A tweet is Clickbait if (1) the tweet withholds information required to understand what the content of the article is; and if (2) the tweet exaggerates the article to create misleading expectations for the reader.
Clickbait is saying "this town" or "this state" or "this celebrity" instead of saying Los Angeles or Colorado or Justin Timberlake. It's over-promising and under-delivering.
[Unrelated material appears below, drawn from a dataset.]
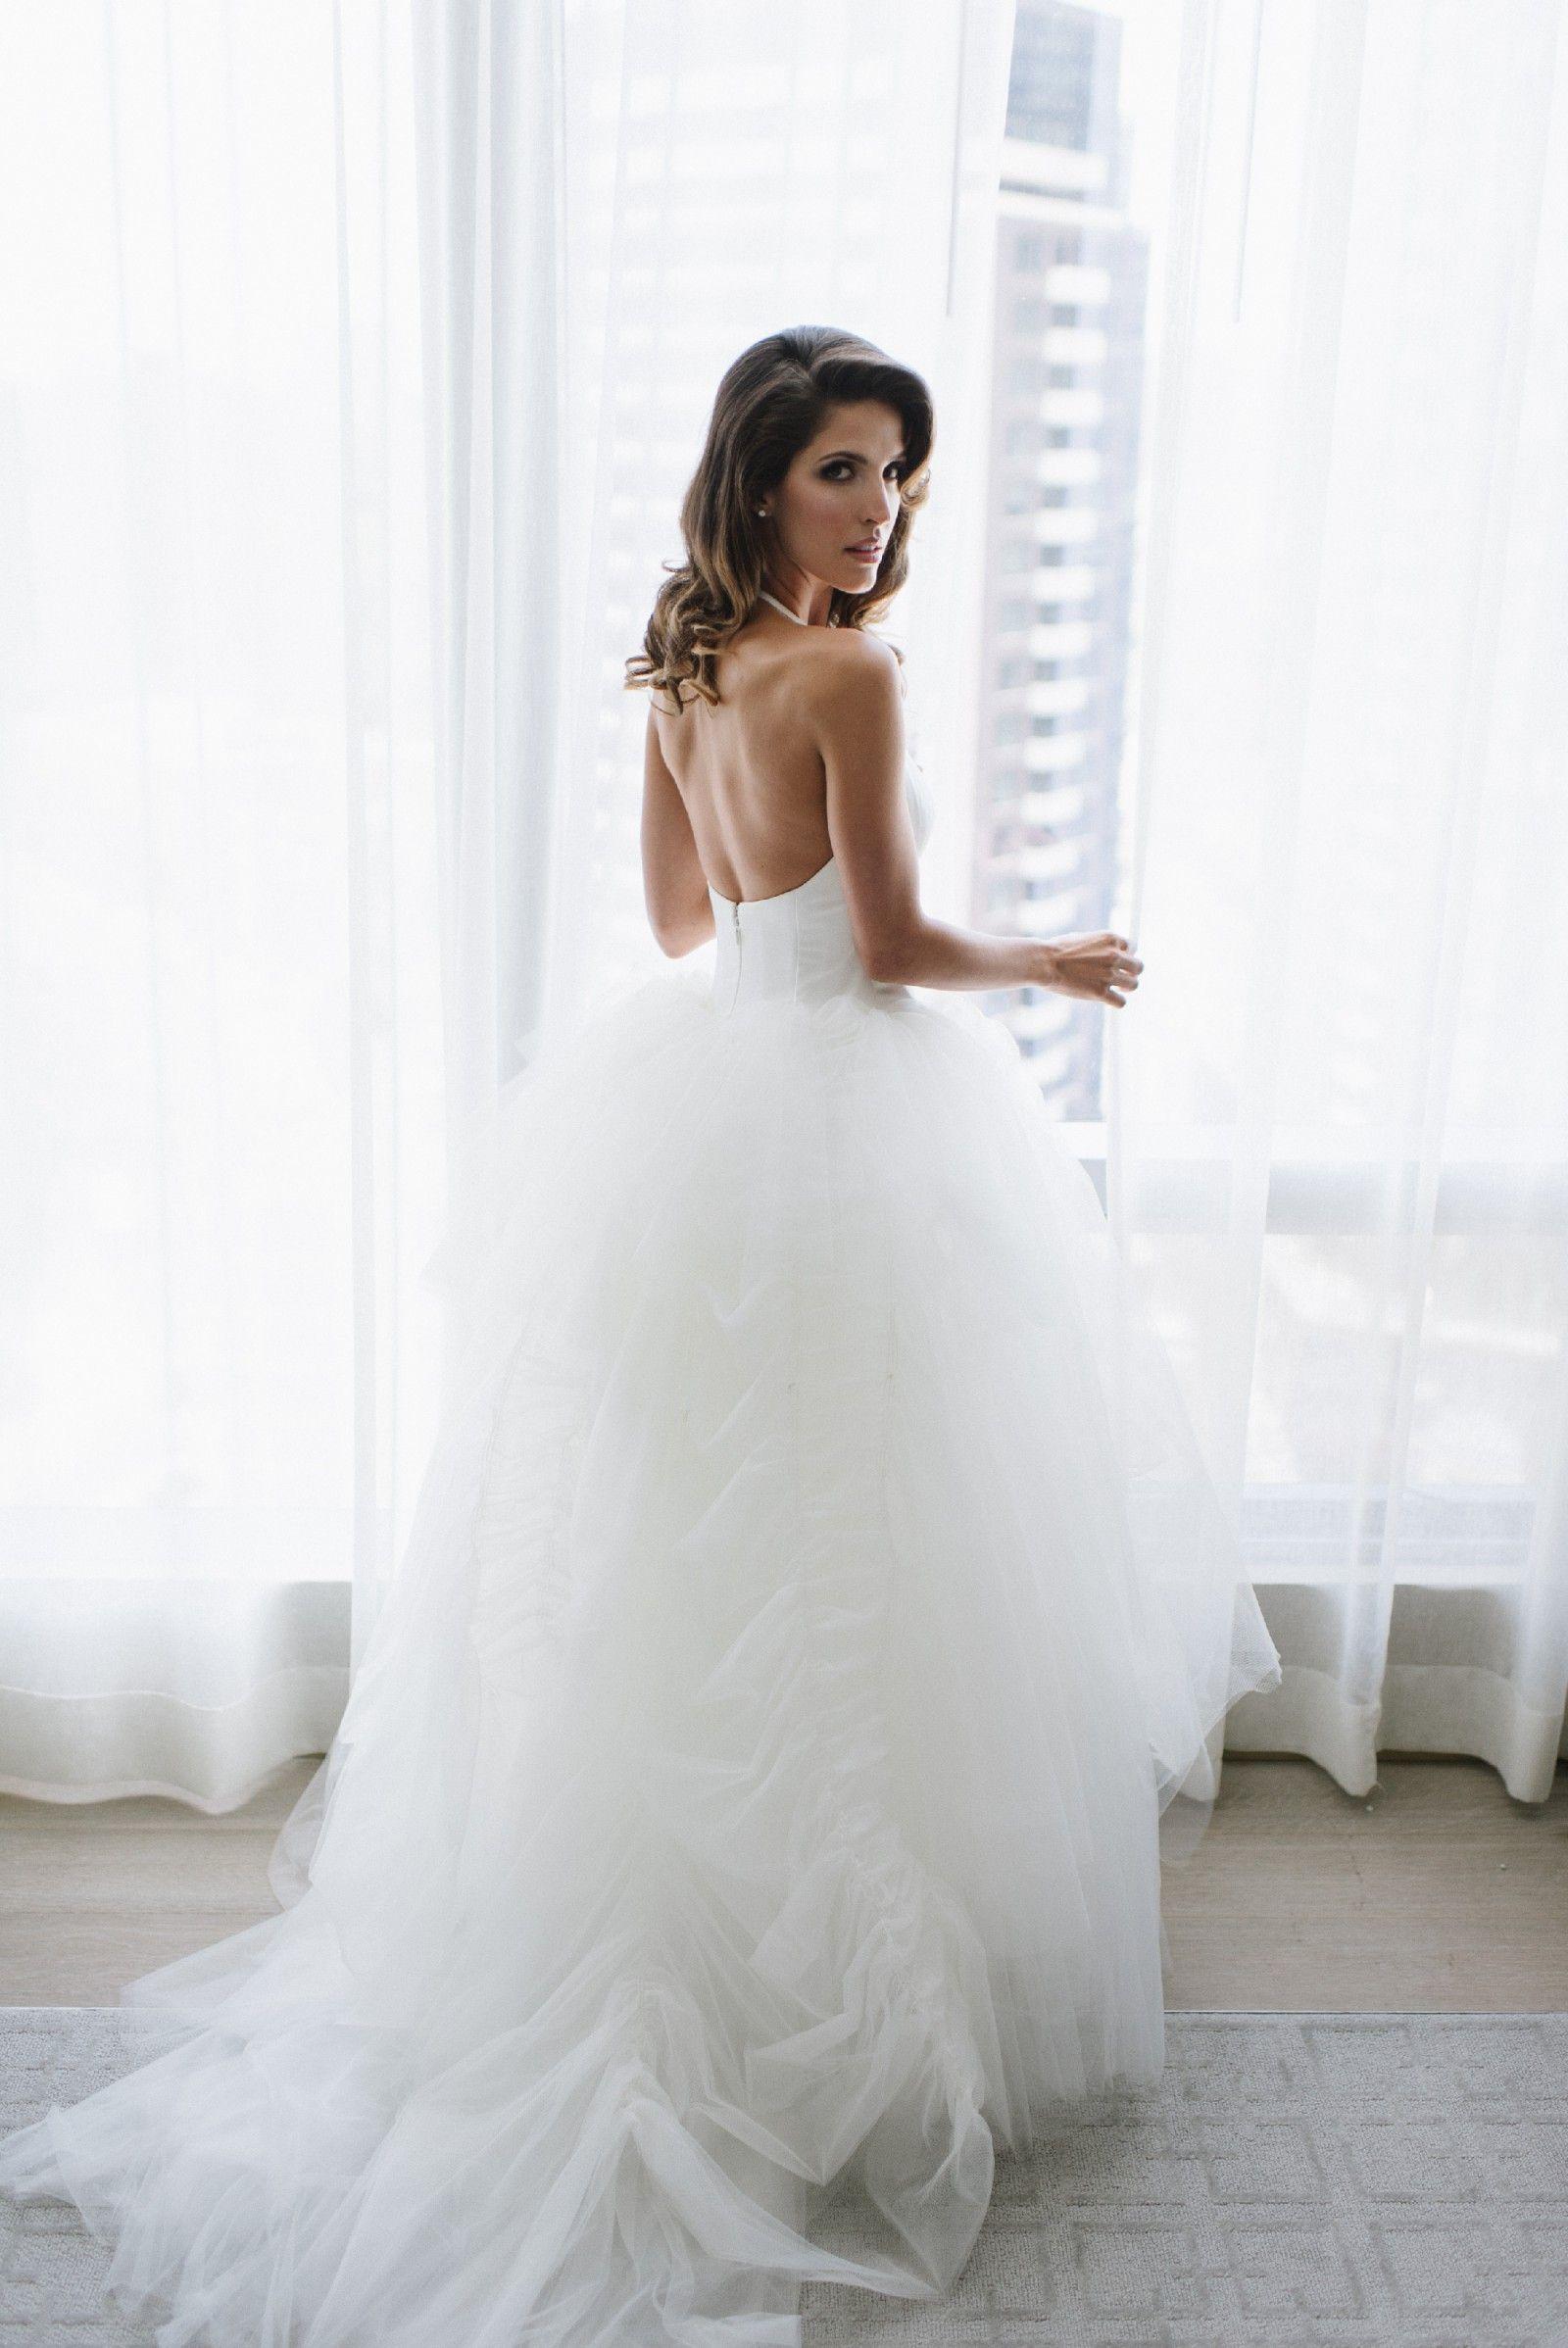 Vera Wang, ODETTE, Size 6 Wedding Dress

It's leaving out the one crucial piece of information the reader may want to know.
This paper presents the first machine learning approach to clickbait detection: the goal is to identify messages in a social stream that are designed to exploit cognitive biases to increase the likelihood of readers clicking an accompanying link.